Post by account_disabled on Dec 20, 2023 4:42:05 GMT
Many years ago Conversations about mobile performance marketing and user acquisition center around automation. “Create a programmatic campaign and let it run!” “AI and machine learning free up your time to do other things.” That's what User Acquisition Managers say. Manager)) heard for many years But that all changed when Apple released iOS 14.5+. The difficulty of getting users to consent to ad tracking through App Tracking Transparency (ATT) and integration with SKAdNetwork (SKAN) added another layer of complexity. with the UA campaign, but instead saw this as an obstacle. Instead, I see it as an opportunity for UA managers to hone their skills and truly demonstrate their value. More than ever, UA managers need to think critically.
Campaigns you run for iOS users who haven't consented to tracking (and share their IDFA) will look very different from campaigns you run on almost any other device. Conversion thinking and Phone Number List modeling Values require a thorough understanding of UA and marketing. The launch of SKAN and ATT is just the beginning of the trend towards privacy-centricity in the mobile industry. Complexity and ambiguity will continue to define UA for the foreseeable future. Make talented UA managers and their teams shine. Your creativity and knowledge base will be key to your campaign's success. Here are some new challenges and opportunities. Partially for UA teams to navigate a mobile business that is increasingly focused on user privacy, learning SKAdNetwork and aggregated SKAdNetwork data is the only Apple-approved way to obtain hard attribution data. (deterministic attribution data) For installations that do not ship with IDFA, working with SKAN requires the UA team to.

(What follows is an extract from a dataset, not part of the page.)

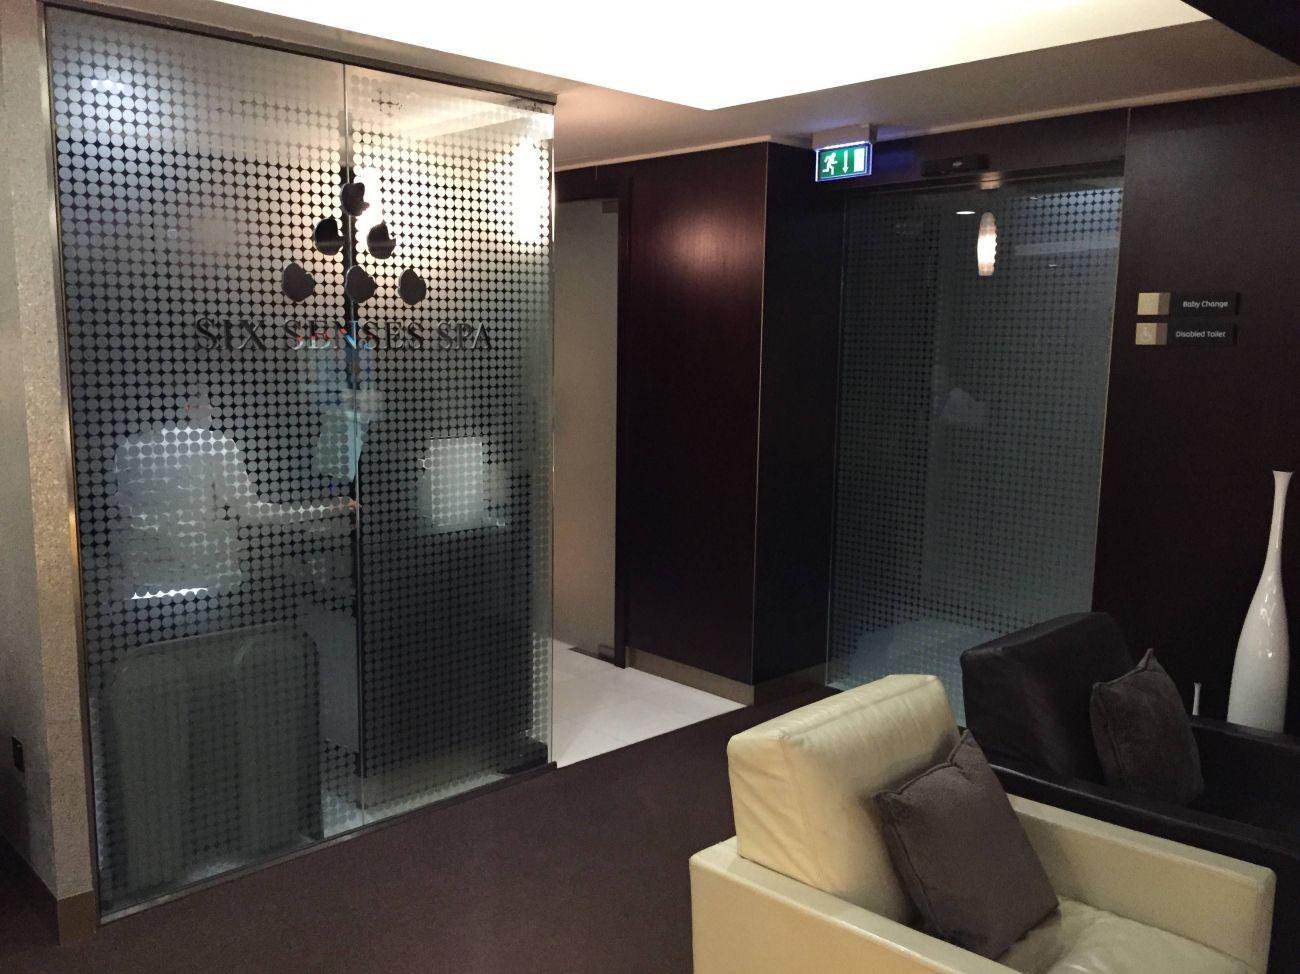 Etihad Lounge London Heathrow - Passageirodeprimeira 16

Understand how the aggregated and delayed SKAdNetwork datapoints you receive can be connected to the rest of the data. and your BI stack? Data discrepancies between data sources can be manually identified, improving the entire process using IDFA. Tasks at the heart of UA, such as user segmentation and behavioral modeling, have become increasingly difficult. Understanding these impacts is key to working with SKAN successfully. Additionally, UA teams need to understand SKAN in detail to optimize the conversion value schema for the post-installation attribution payload. This helps you capture as much insight as possible about in-app usage within the first 24 hours, when Apple and SKAN return attribution data. This is key in providing data from which your team can learn and predict usage patterns. And learning these things will inform your conversion value strategy.
Campaigns you run for iOS users who haven't consented to tracking (and share their IDFA) will look very different from campaigns you run on almost any other device. Conversion thinking and Phone Number List modeling Values require a thorough understanding of UA and marketing. The launch of SKAN and ATT is just the beginning of the trend towards privacy-centricity in the mobile industry. Complexity and ambiguity will continue to define UA for the foreseeable future. Make talented UA managers and their teams shine. Your creativity and knowledge base will be key to your campaign's success. Here are some new challenges and opportunities. Partially for UA teams to navigate a mobile business that is increasingly focused on user privacy, learning SKAdNetwork and aggregated SKAdNetwork data is the only Apple-approved way to obtain hard attribution data. (deterministic attribution data) For installations that do not ship with IDFA, working with SKAN requires the UA team to.
Understand how the aggregated and delayed SKAdNetwork datapoints you receive can be connected to the rest of the data. and your BI stack? Data discrepancies between data sources can be manually identified, improving the entire process using IDFA. Tasks at the heart of UA, such as user segmentation and behavioral modeling, have become increasingly difficult. Understanding these impacts is key to working with SKAN successfully. Additionally, UA teams need to understand SKAN in detail to optimize the conversion value schema for the post-installation attribution payload. This helps you capture as much insight as possible about in-app usage within the first 24 hours, when Apple and SKAN return attribution data. This is key in providing data from which your team can learn and predict usage patterns. And learning these things will inform your conversion value strategy.